◆ **Data**

"""

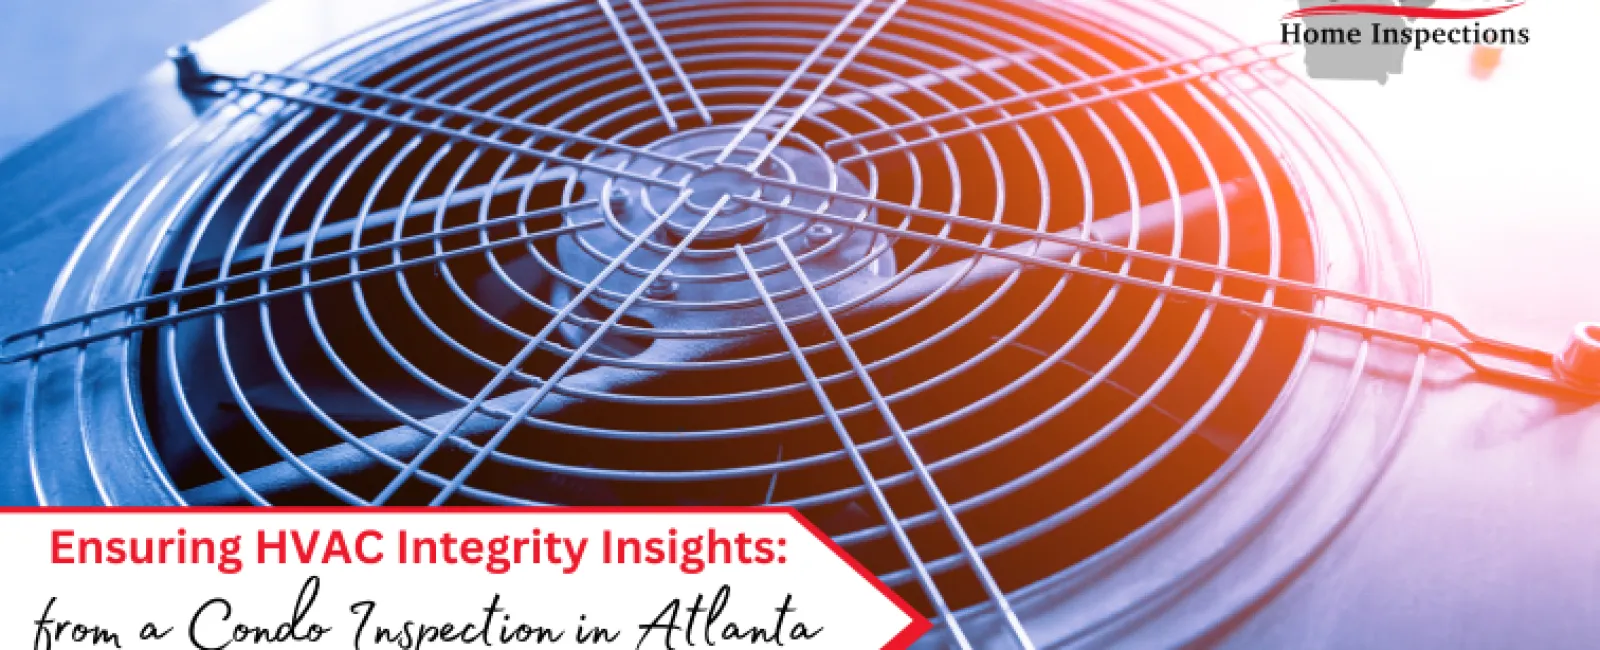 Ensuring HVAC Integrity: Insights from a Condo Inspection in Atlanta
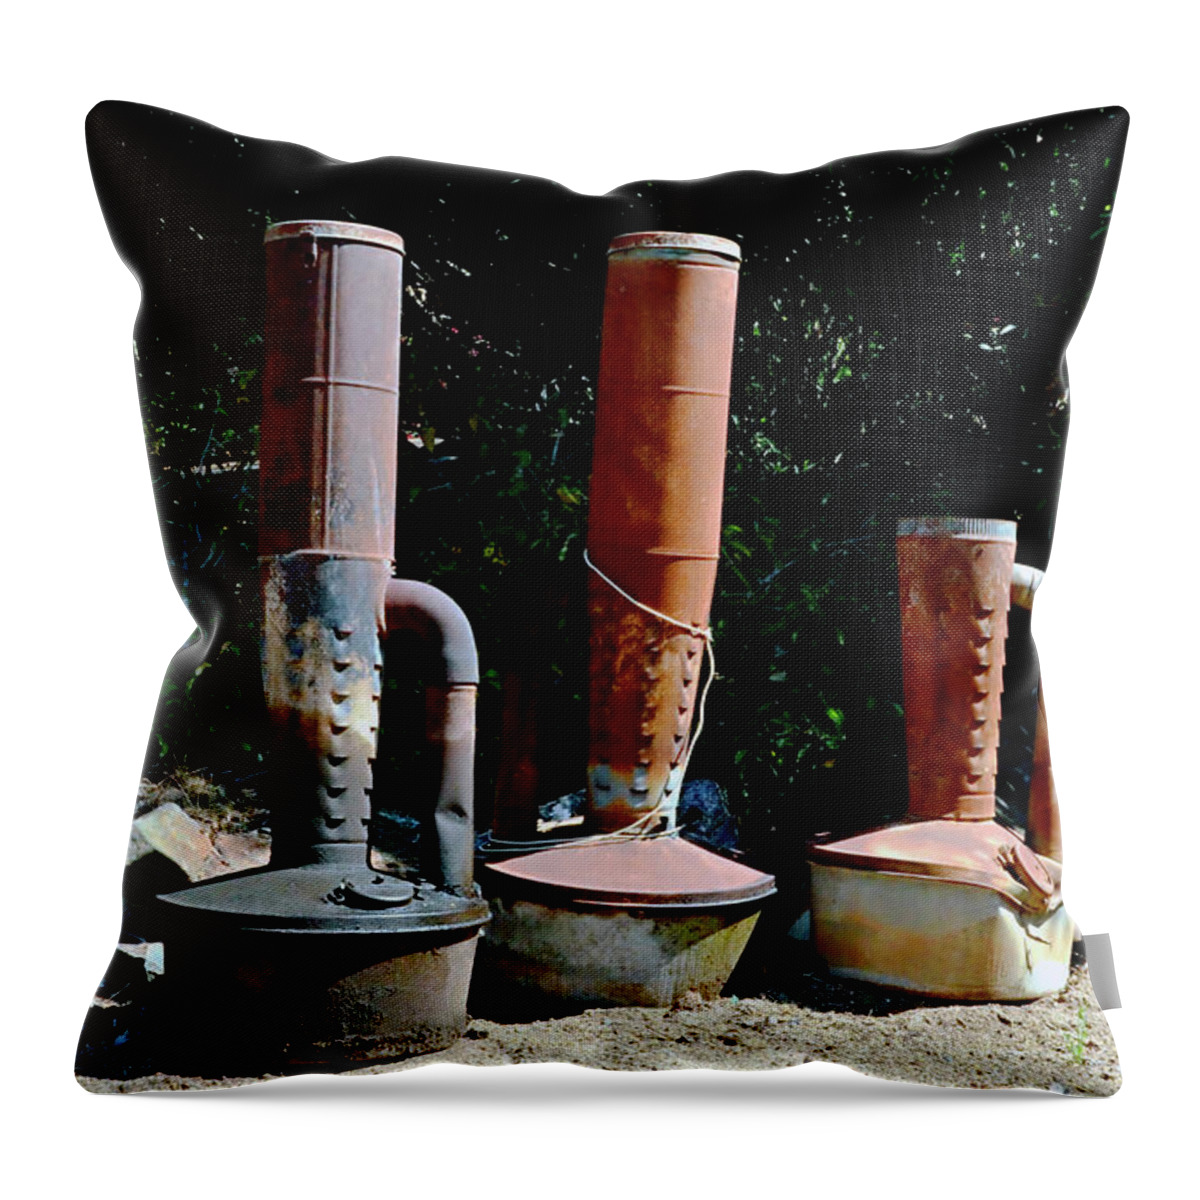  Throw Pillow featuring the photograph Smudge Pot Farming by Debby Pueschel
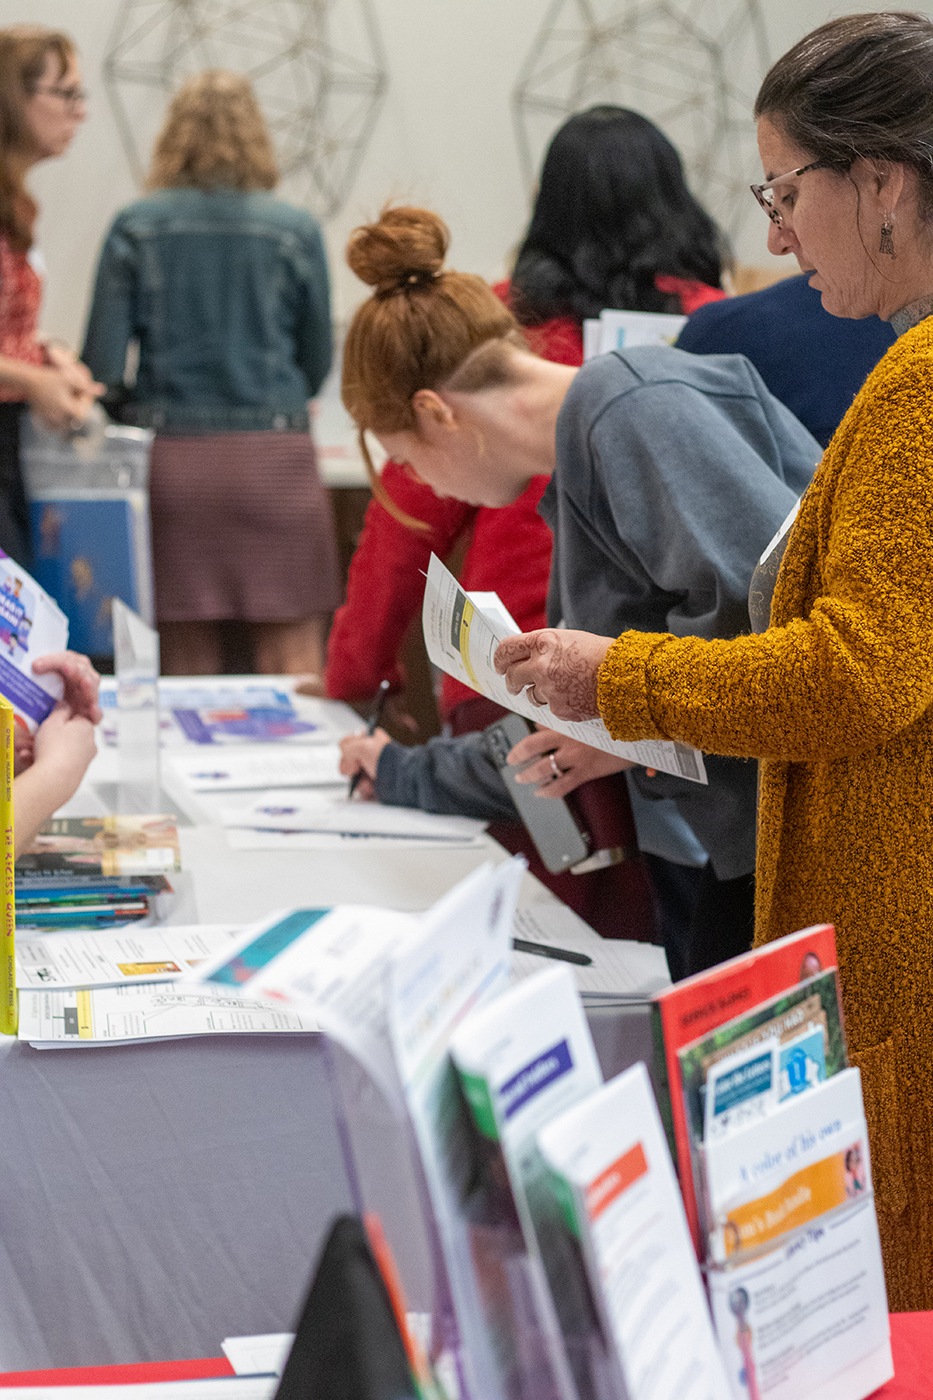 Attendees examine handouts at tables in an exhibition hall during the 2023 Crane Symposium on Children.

"""

◆ **What to produce**
Copy all of the listing word for word, minus the images.

◆ **Exercise output**
 Ensuring HVAC Integrity: Insights from a Condo Inspection in Atlanta
  Throw Pillow featuring the photograph Smudge Pot Farming by Debby Pueschel
 Attendees examine handouts at tables in an exhibition hall during the 2023 Crane Symposium on Children.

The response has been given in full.